Volatile organic compounds (VOCs) are a wide range of chemicals including; aliphatic and aromatic hydrocarbons, alcohols, aldehydes, ketones, esters, and halogenated compounds. They can occur in the outdoor air by release from natural sources, fuel combustion and industrial processes. The main focus of concern is the role they play in the formation of ozone and photochemical smog, and the increased risk of cancer due to exposure to benzene. VOCs are also present in the indoor air of non-industrial buildings, often in concentrations exceeding that found outdoors. They are then of concern because of the potential health effects (sensory, irritation and toxic) on the building's occupants. There is also concern about the possible deleterious effects on valuable materials such as electronic components in telephone exchanges and computers, and to works of art.

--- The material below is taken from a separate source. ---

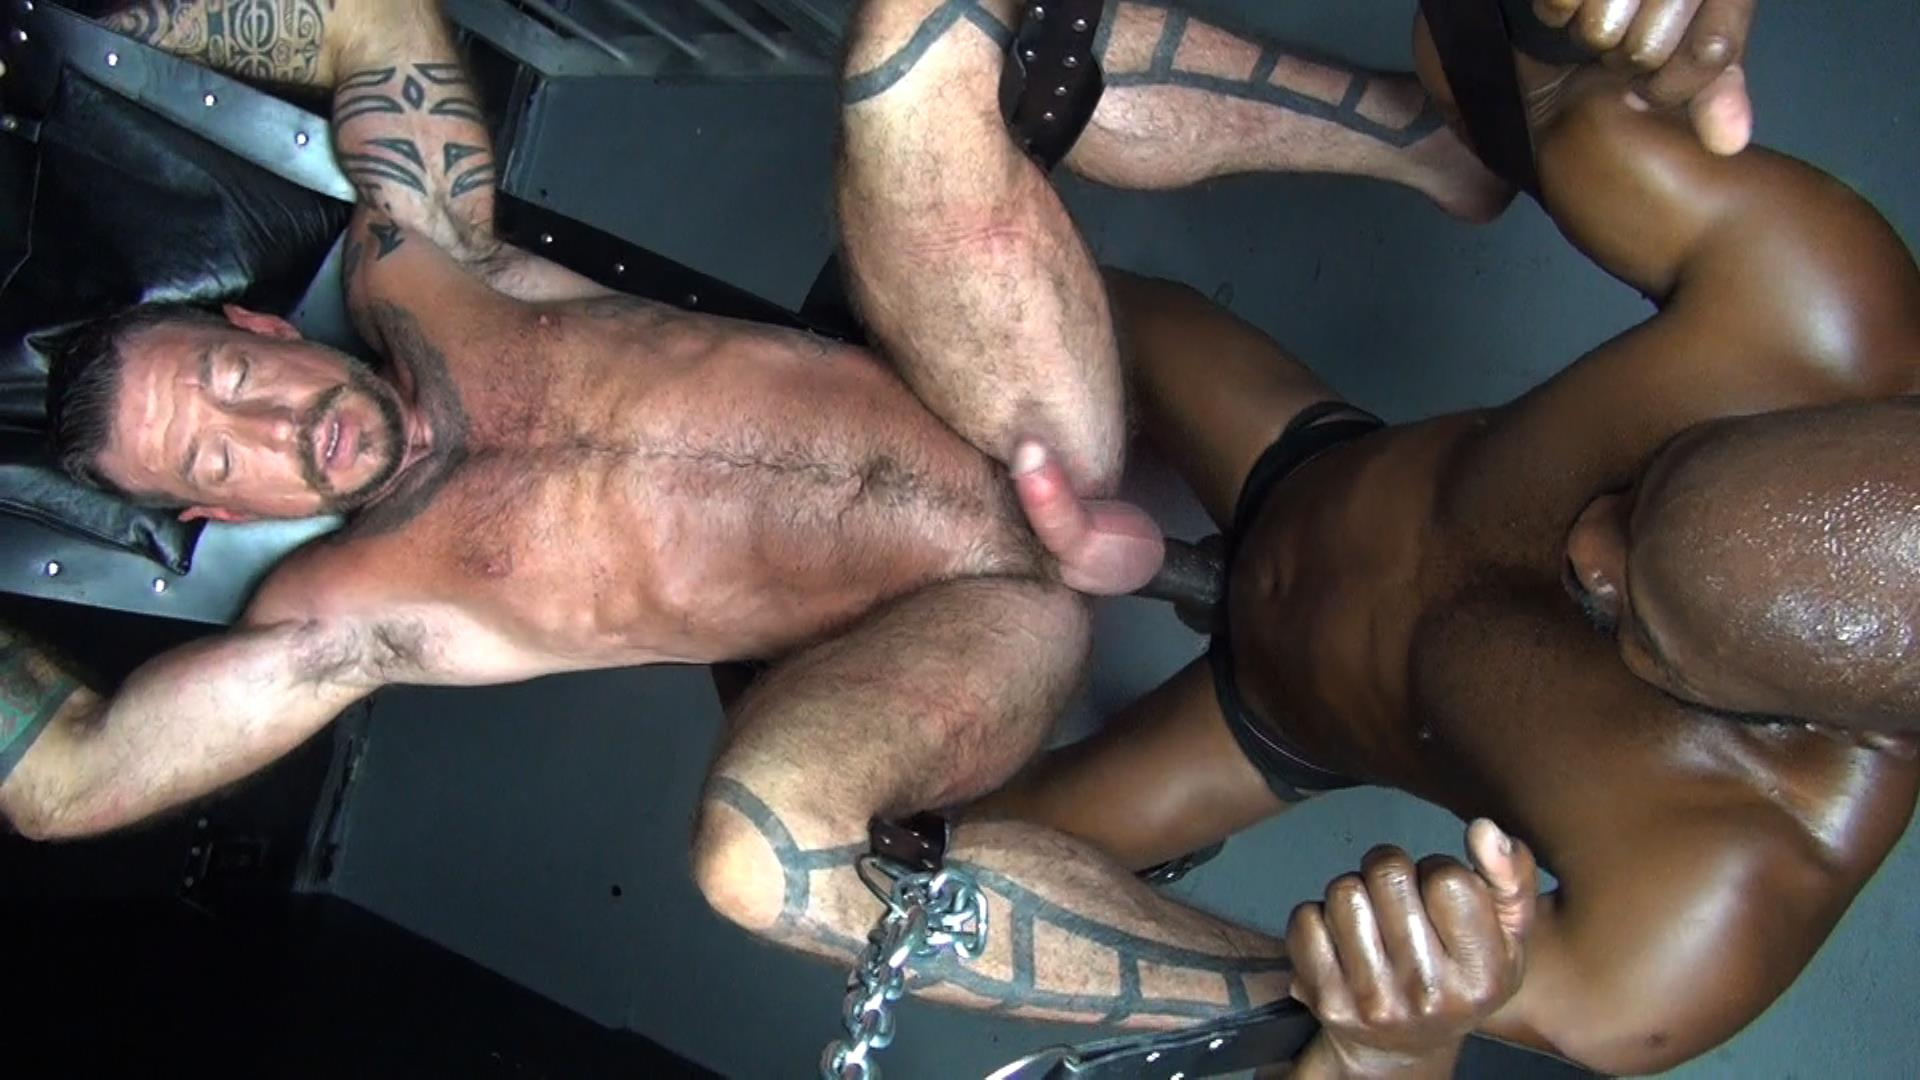 Raw-Fuck-Club-Cutler-X-and-Ray-Dalton-Interracial-Bareback-Sex-Amateur-Gay-Porn-2 Cutler X Barebacking Hairy Muscle Daddy Ray Dalton With His Big Black Cock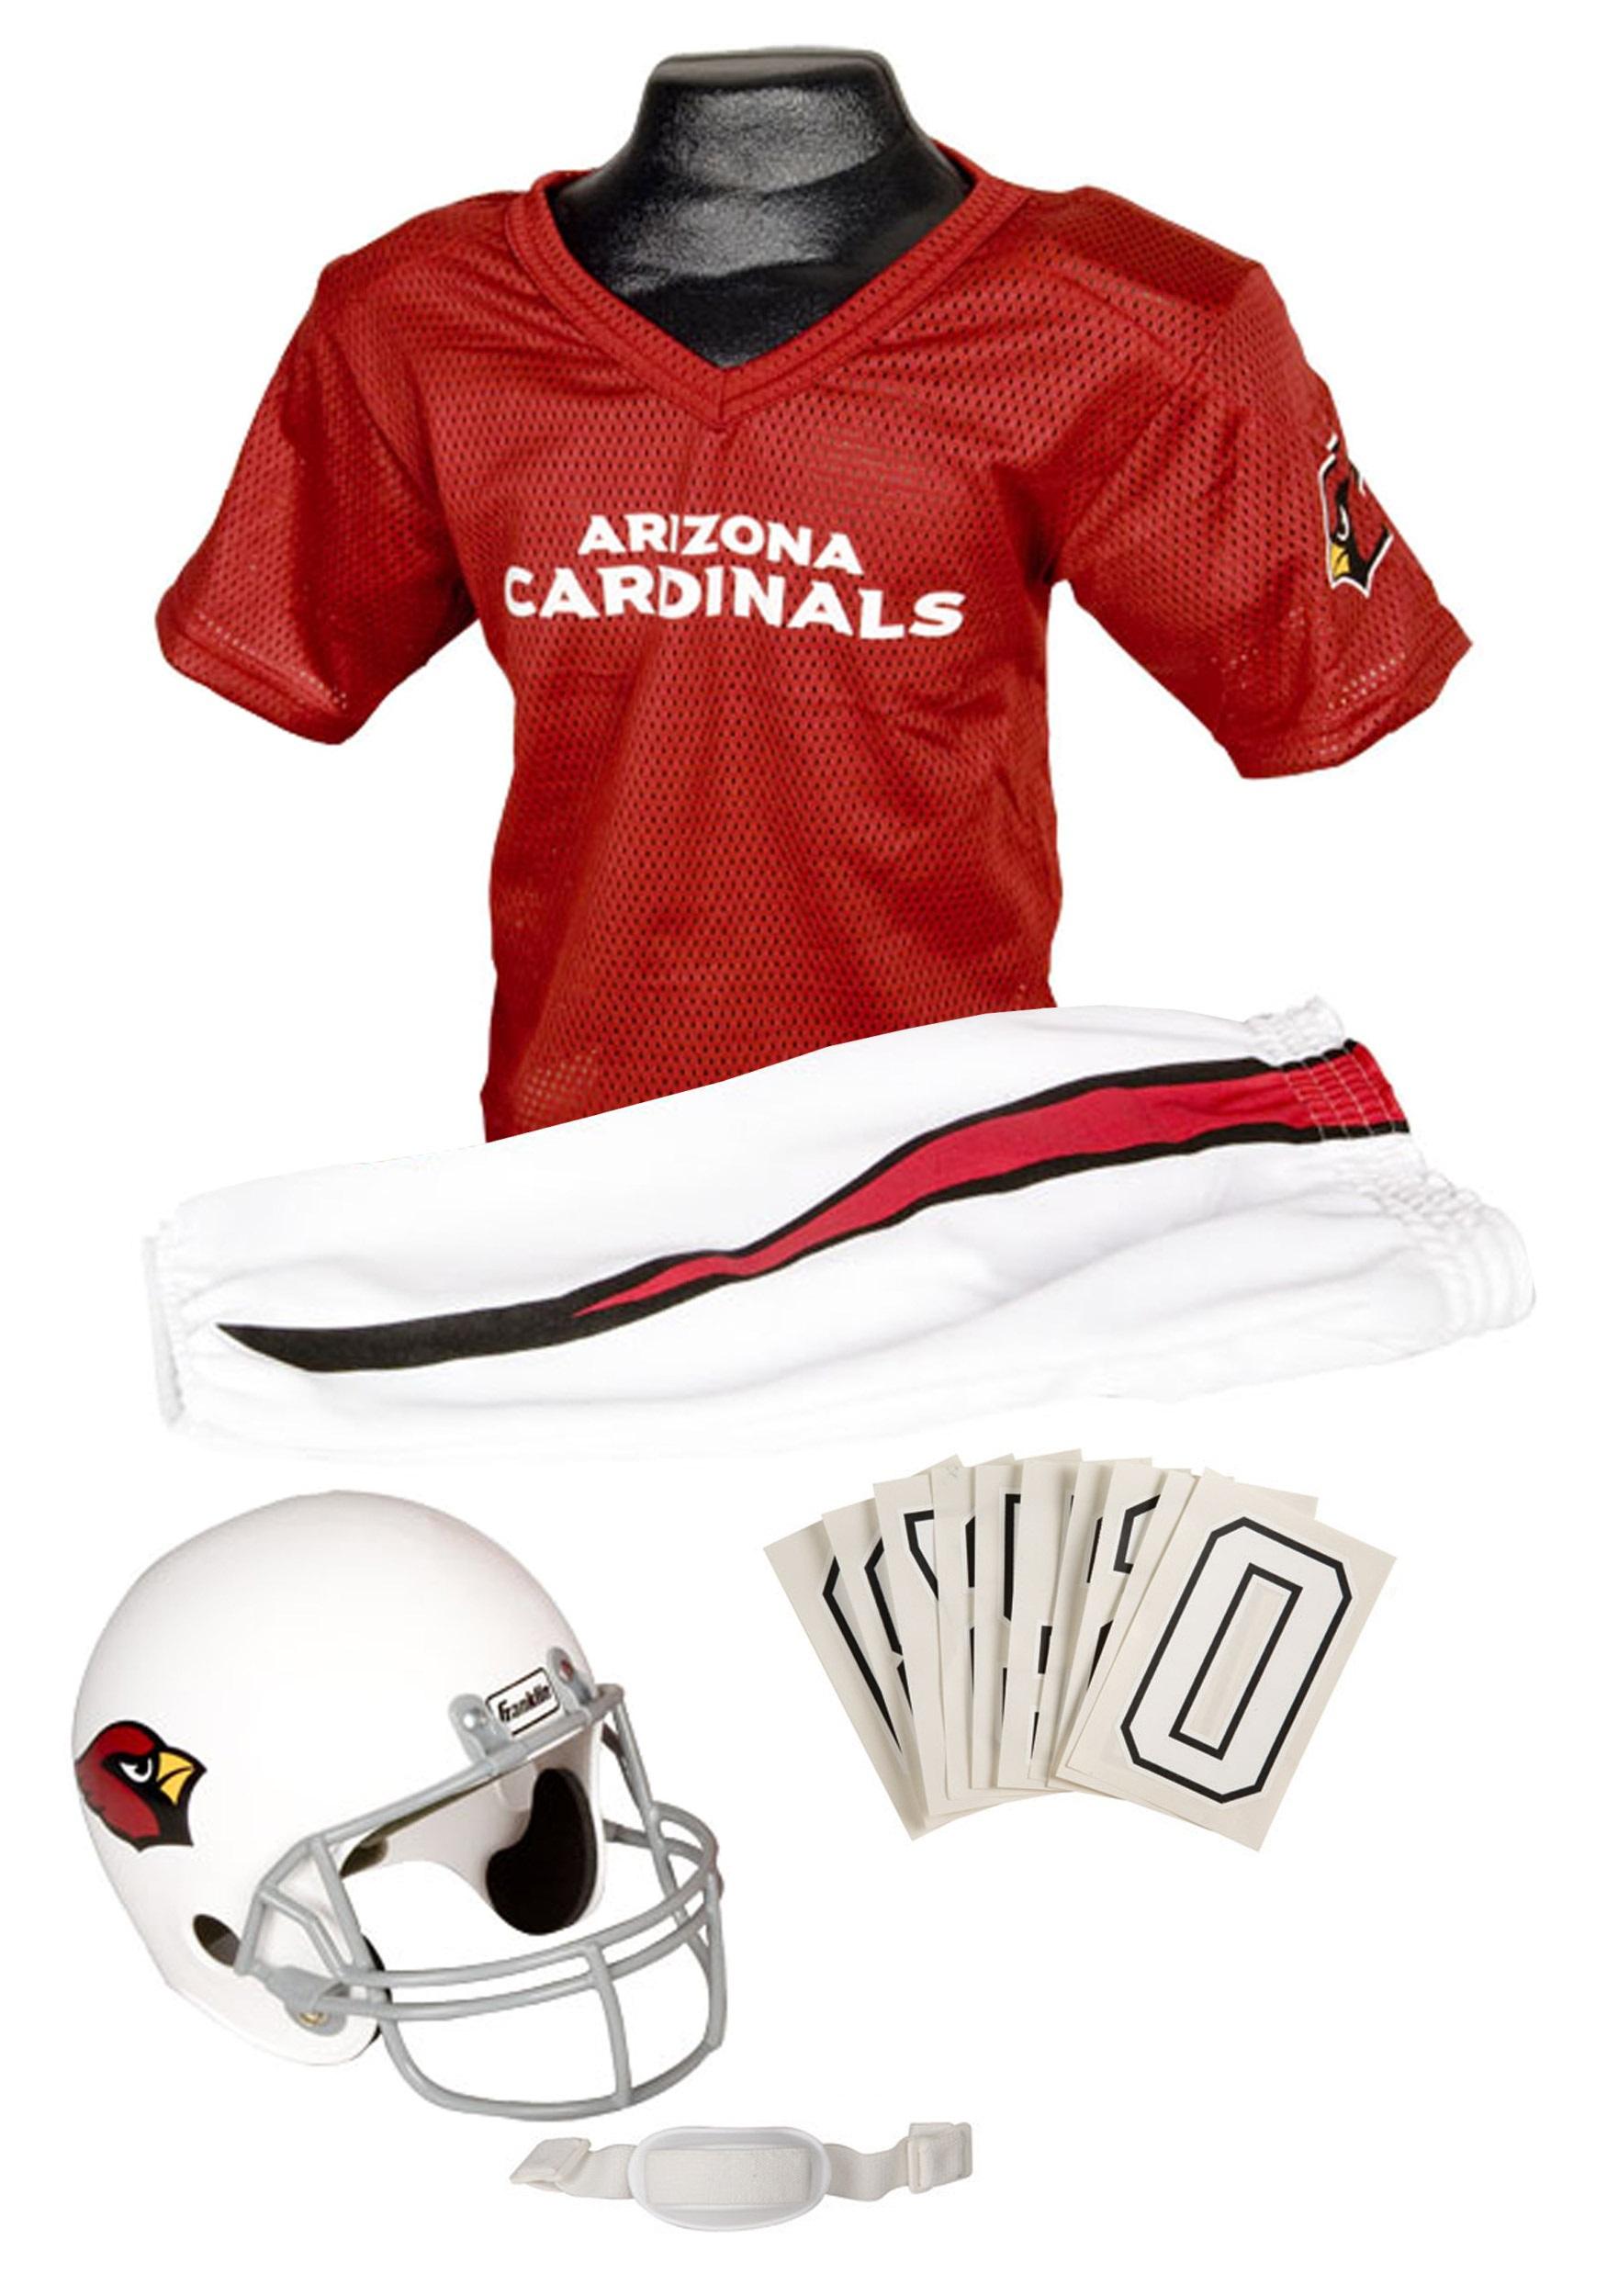 Kids NFL Cardinals Uniform Costume 615c86d87

The outdoors is a source of VOCs in the indoor air but for most compounds, indoor sources such as; building materials and furnishings, consumer products, fuel combustion and tobacco smoke dominate. This results in the indoor concentration of VOCs being typically 10 times higher than outdoors. Since people spend the vast majority of their time indoors, exposure to air pollutants in the home is more problematic than exposure outdoors. Within Europe, the Construction Products Directive includes an Essential Requirement for Safety, Health and Hygiene that sets out a framework for achieving acceptable air quality in buildings. The interpretative document describes the use of ventilation and source control as means of achieving these objectives but currently there is no mandatory standard relating to air quality to assess compliance.
The largest study of VOCs in homes in the UK is the BRE Indoor Environment Study1. This was a study of 174 homes in Avon, England, undertaken as part of the ALSPAC study which is being carried out by the University of Bristol. For 12 months, diffusive monitors were deployed on a monthly basis in selected homes to measure the concentrations of VOCs (including formaldehyde). Details of building characteristics and occupant activities were recorded and this enabled possible links with concentrations in air to be investigated. For example, it was found that painting activity strongly influenced the mean VOC concentration, formaldehyde was higher in newer homes, and benzene was higher in homes of smokers and those which have an integral garage 1,2.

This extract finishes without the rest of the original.